Ensuite, il a directement entamé sa spécialisation en Médecine interne à la Clinique du Prof. K. Fellinger.  Pendant sa formation, il a bénéficié encore une fois d’une bourse (deux fois prolongée) de l’Institut français qui lui a permis de travailler à l’Institut de Recherche sur le Cancer à Villejuif, sous la direction du Prof. Ch. Oberling.  Il y a collaboré pendant une longue période avec le Prof. W. Bernhard, le premier « Pape » de la microscopie électronique française.  Leurs travaux s’intéressaient à ce qui s’appelait à ce moment « l’ergastoplasme » et correspondait au réticulum endoplasmique découvert et décrit vers 1942-46 par les Professeurs Albert Claude et G. Palade.  Ces travaux lui ont valu une réputation internationale et ont impressionné le Prof. Fellinger, qui lui a installé après son retour à Vienne, un laboratoire de microscopie électronique, dont ne disposaient pas encore en Autriche à cette époque ni les anatomistes, ni les histologistes.  Entre-temps, il a passé l’année académique 1953-54 comme « Fellow » au Sloan-Kettering Institut, à New York.  Pendant toute cette période, son intérêt scientifique s’est concentré sur les problèmes hématologiques : aussi bien sur les cellules leucémiques que sur les lymphocytes B et T normaux ainsi que sur différentes pathologies des plaquettes.

En 1958, il a défendu sa thèse d’agrégation, et il est devenu chef du département d’Hématologie à la clinique médicale universitaire à Vienne.  Témoignage personnel d’un ex-étudiant en médecine des années 1960-63 (qui constituait les années cliniques de mes études à Vienne) : tous les étudiants ont fréquenté assidûment les cours de H. Braunsteiner (il a donné les chapitres d’hématologie et de rhumatologie à la place de titulaire), car il était réputé être le meilleur et le plus moderne de nos enseignants de la Médecine interne à Vienne à cette époque.

En avril 1964, il fut nommé titulaire de la Chaire de Médecine à l’Université d’Innsbruck, où il avait complètement transformé, modernisé et remodelé son institution, puis en tant que doyen de la Faculté de Médecine de la même Université, entre 1967 et 1972, il a mis sur pied un quinzaine de laboratoires spécialisés et reconstruit des Instituts de la plupart des Sciences fondamentales facultaires.

Parallèlement, il était Secrétaire général de la Société internationale d’Hématologie de 1964 à 1970.

Entre 1979 et 7981, il fut Recteur de l’Université d’Innsbruck.  Pendant cette même période, il a installé également le premier département de la transplantation de la moelle osseuse en Autriche et le premier service de cardiologie intensive.  Il a pris sa retraite en 1993. 

Il était Docteur honoris causa entre autres de l’Université Paris VII, D. Diderot, de l’Université de Munich, et de l’Université médicale Semmelweis de Budapest, de même que du « New York College of Medicine ».  Enfin, il était membre de  l’Académie allemande des Sciences « Léopoldina » (Halle), de l’Académie des Sciences d’Autriche et, comme je l’ai déjà dit, de notre Compagnie.

Il fut décoré de nombreuses distinctions honorifiques de l’Autriche, de la France et du Luxembourg.  Il est auteur de près de 500 publications parues dans les revues internationales, et il a publié de nombreux livres qui ont fait l’autorité au moment de leur parution, intéressant notamment les sujets hématologiques.

Il était un érudit de la littérature et un mélomane passionné, de plus, chasseur assidu.

Le Prof.

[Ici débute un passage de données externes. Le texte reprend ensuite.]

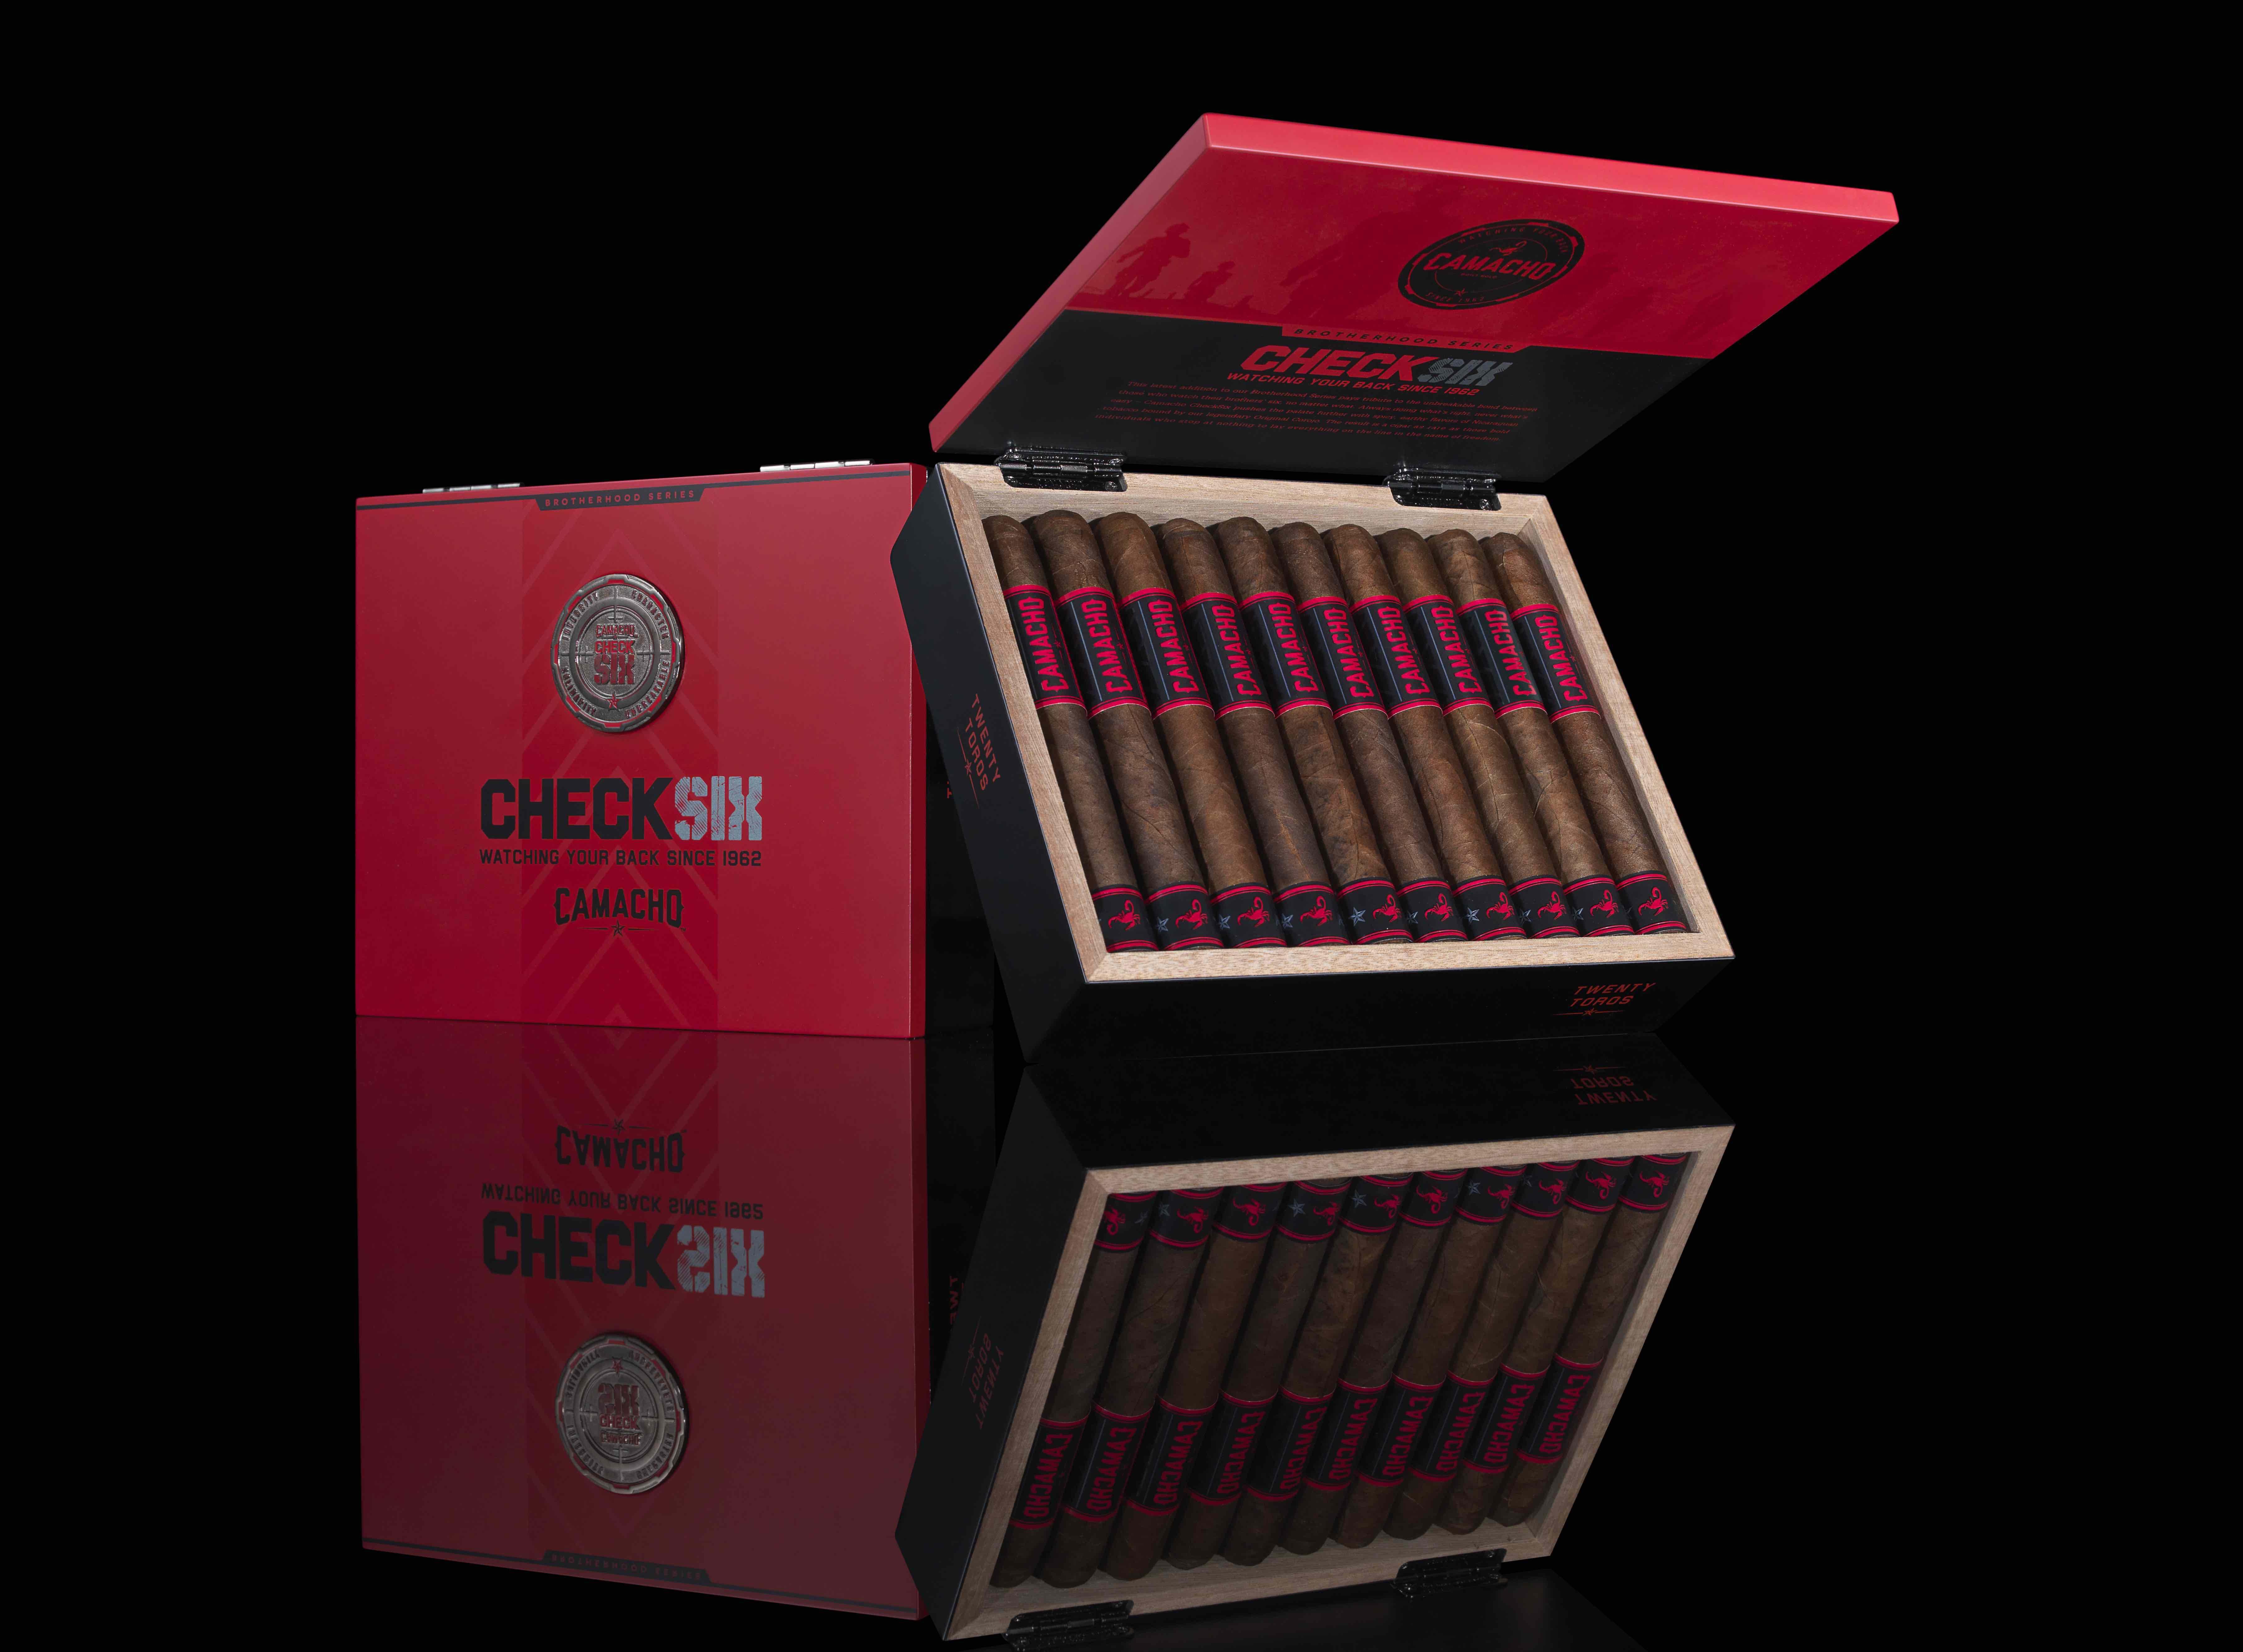 Camacho_Check_Six_Box

Braunsteiner est désormais entré dans le Panthéon des grands hématologues du 20ème siècle, à l’instar du Prof. J. Bernard, autre membre honoraire de notre Compagnie, récemment disparu.

En paraphrasant le grand dramaturge autrichien Franz Grillparzer – « Ein treuer Diener seines Herren » - il fut un fidèle serviteur de sa profession, de sa science et de sa condition socioculturelle, issue encore de l’esprit de l’Europe centrale, version autrichienne du début du 20ème siècle.